More reason to abandon the racial hypothesis: Anyone may convert to Judaism. At the recent Biennial of the Union for Reform Judaism, URJ president Rabbi Rick Jacobs pointed out, “Between 10 and 20 percent of North American Jews are Jews of Color.” Many are born-Jewish children and grandchildren of converts.

Anti-Semites, alas, will keep hating Jews, even if they have no idea what a Jew is, believes or stands for. Sadly, the White House again offered anti-Semites a measure of support.

When the president signed his executive order, guests included the evangelical Christian leader Robert Jeffress. An ardent supporter of Israel, Jeffress, like many evangelicals, believes that only when all Jews go to the Holy Land will Jesus return. Jews then can accept Jesus or go to hell. As Jeffress said in 2010, “You can’t be saved by being a Jew.”

I wonder how the president’s daughter Ivanka, son-in-law Jared and grandchildren take the news that they can’t go to heaven.

Here on earth, Jeffress’ and other pastors’ statements, made in the name of theology and thus supposedly above reproach, create an image of Jews as “less than.” As Chanukah nears, they not only fail to light a candle in the darkness, they add fuel to the fires of anti-Semitism the president claims he wants to put out.

Happy Chanukah, Marry Christmas, Happy Kwanzaa—Peace!

To respond, click on “comments” to the right just below the title of this post. Then go to the response space at the bottom of the post.


  1. Tracy on December 20, 2019 at 7:18 pm

    Sadly, although the intent behind the EO may have been to stifle anti-Semitism on American campuses, the practical effect will be to quash freedom of speech. As an American Jew, I am much less afraid of anti-Zionist students than I am of xenophobic Drumph supporters.

    Chappy Channukah.

    • David on December 20, 2019 at 9:33 pm

      Tracy, I noted that the executive order stated it would not interfere with freedom of speech, but how this will play out on campuses remains to be seen. More heat than light. Chanukah sameach!

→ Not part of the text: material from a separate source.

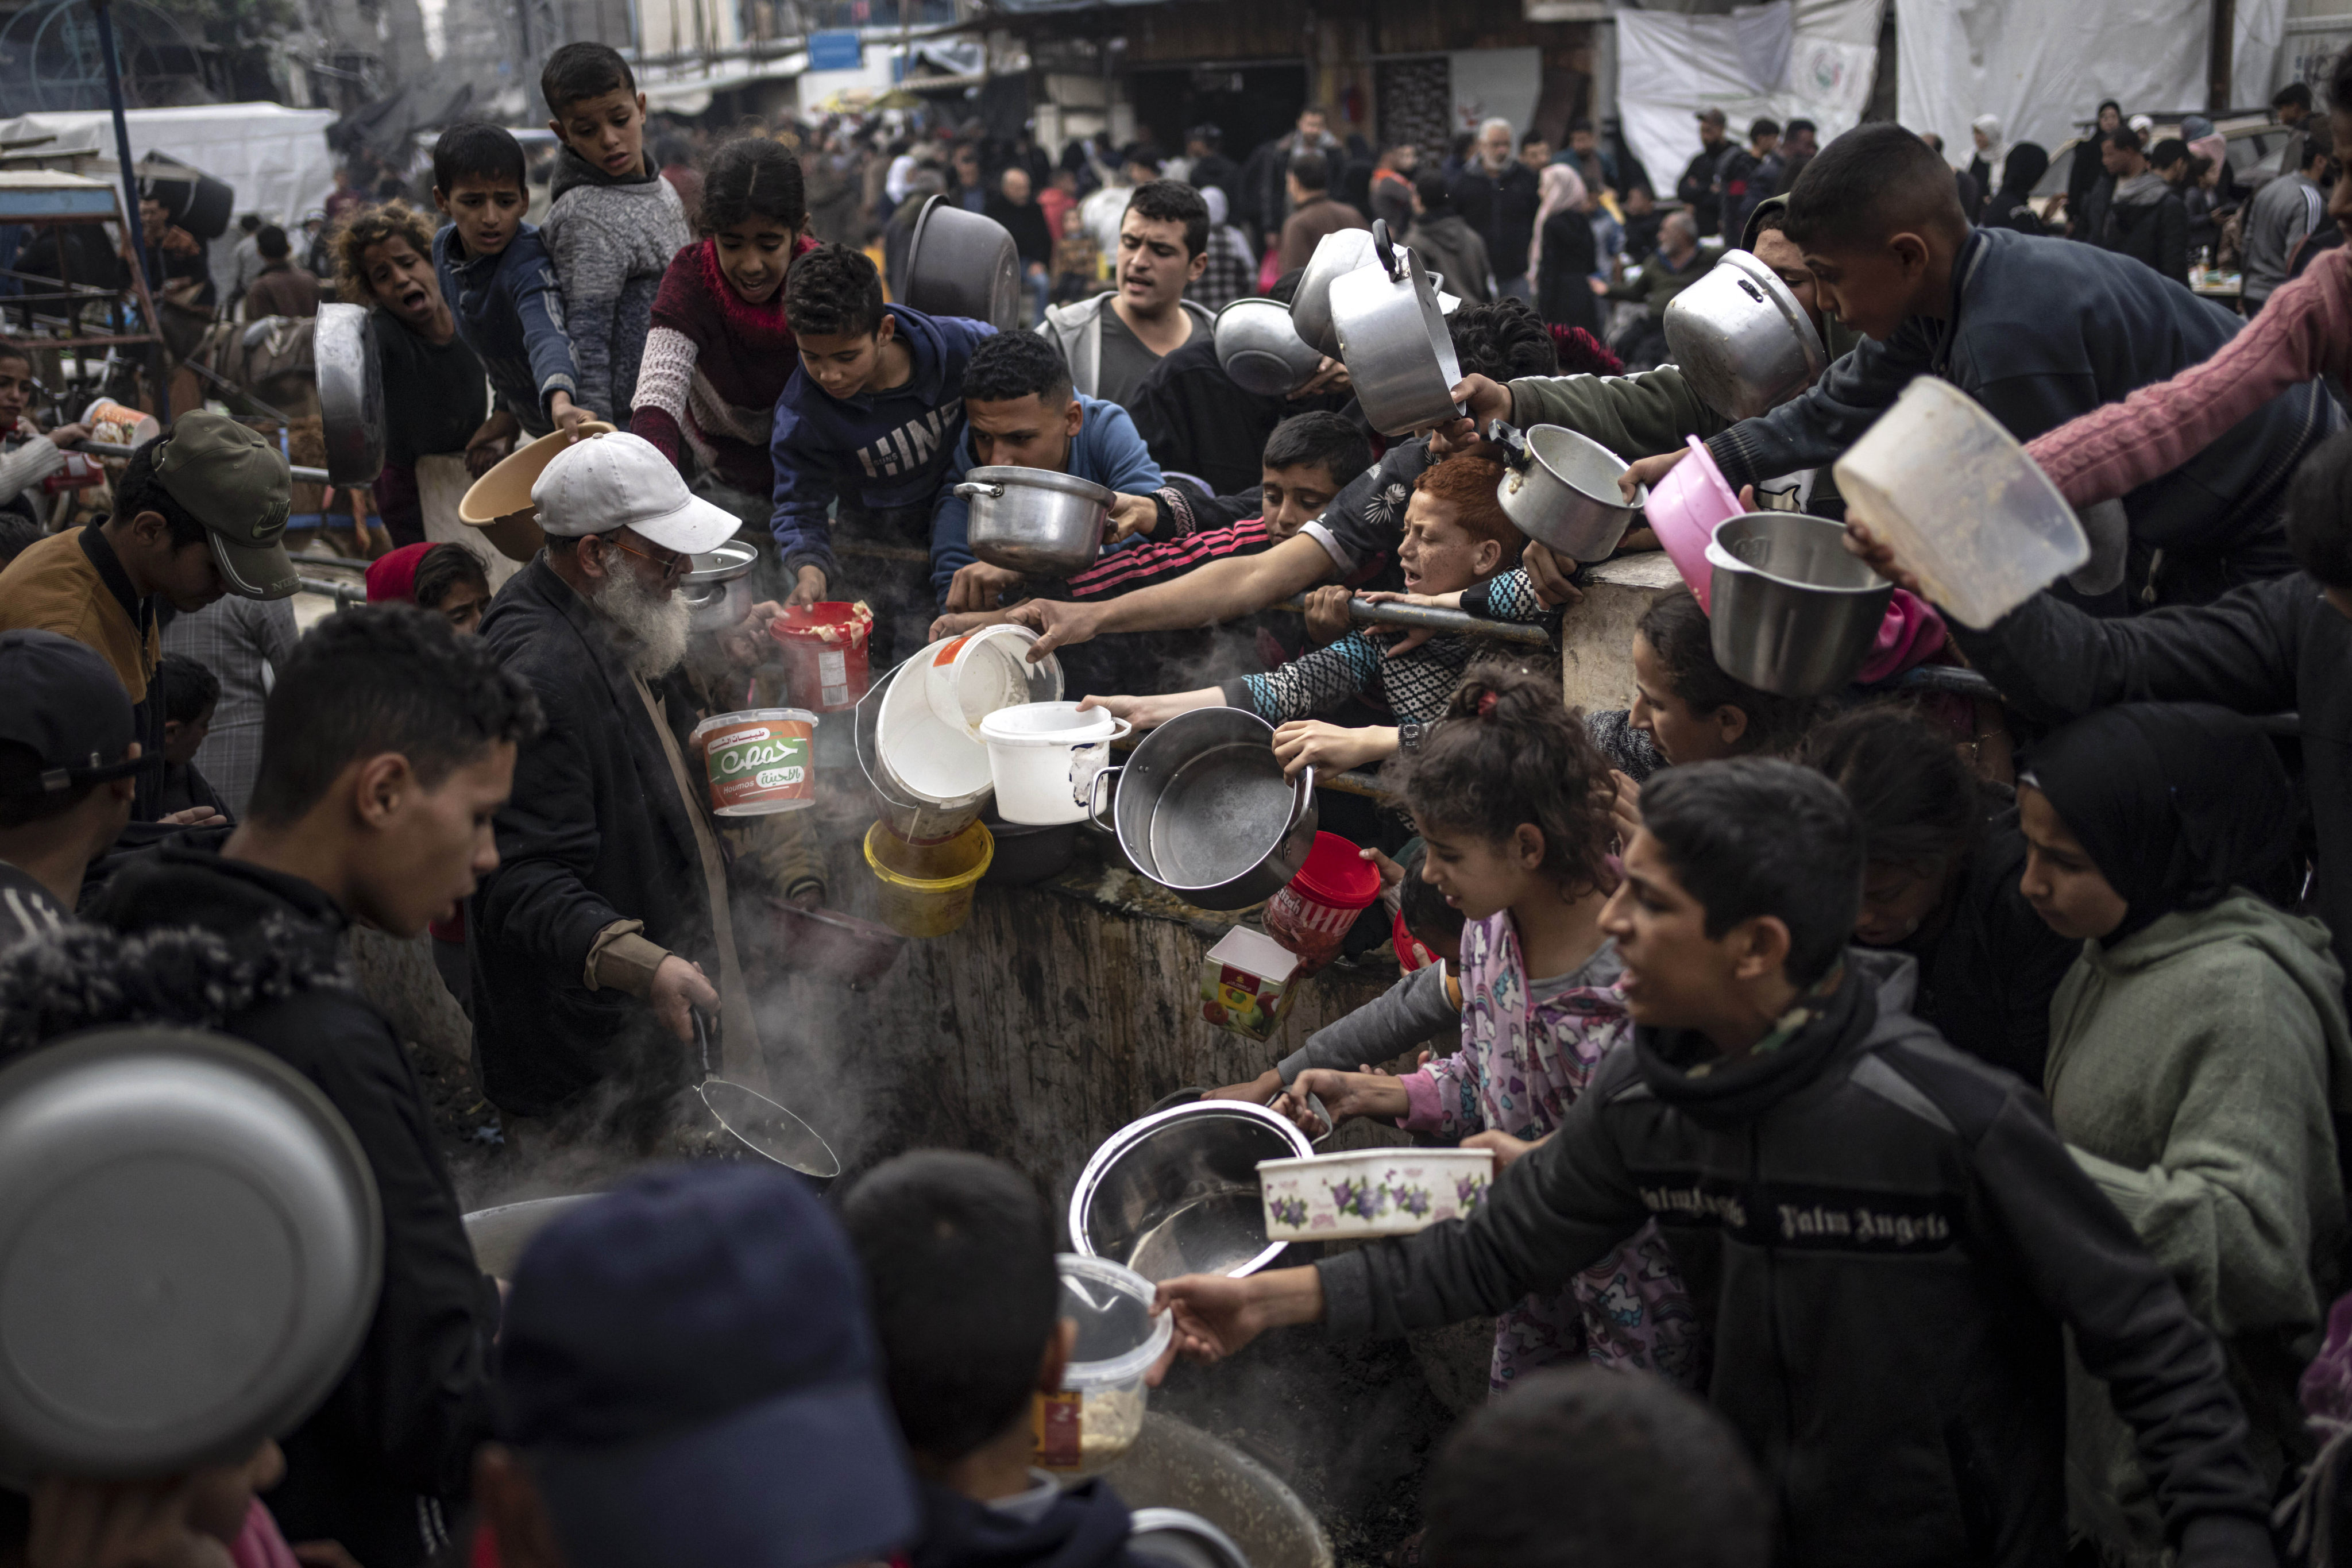 Palestinians converge for a free meal in Rafah, Gaza Strip. International aid agencies say Gaza is suffering from shortages of food, medicine and other basic supplies. Photo: AP

  2. Sandy Lipkowitz on December 20, 2019 at 9:12 pm

    He did the same thing with the guest speakers Robert Jeffress and John Hagee at the opening of the Embassy in Jerusalem. Both strong proponents of the Second Coming of Christ and the Rapture. For that to happen, armageddon has to happen to the Jews in Israel. Trump plays to his evangelical base above and beyond all else.

    • David on December 20, 2019 at 9:31 pm

      Israel, yes; Jews, no. Sandy, I really do wonder how Ivanka and Jared rationalize all this. By the way, an evangelical newspaper, CHRISTIANITY TODAY, ran an editorial FOR Trump’s removal from office.

      • Bruce Abramson on December 21, 2019 at 12:33 am

        If you really do wonder how Jewish Trump supporters “rationalize all this,” you might try asking one. Though if you want a coherent answer, I’d recommend a question more specific than “all this.”

        • David on December 21, 2019 at 12:35 am

          I do wonder, Bruce, so please tell me specifically: How do you accept the support for Israel of evangelicals who believe you and I are going to hell? Shabbat Shalom and Happy Chanukah.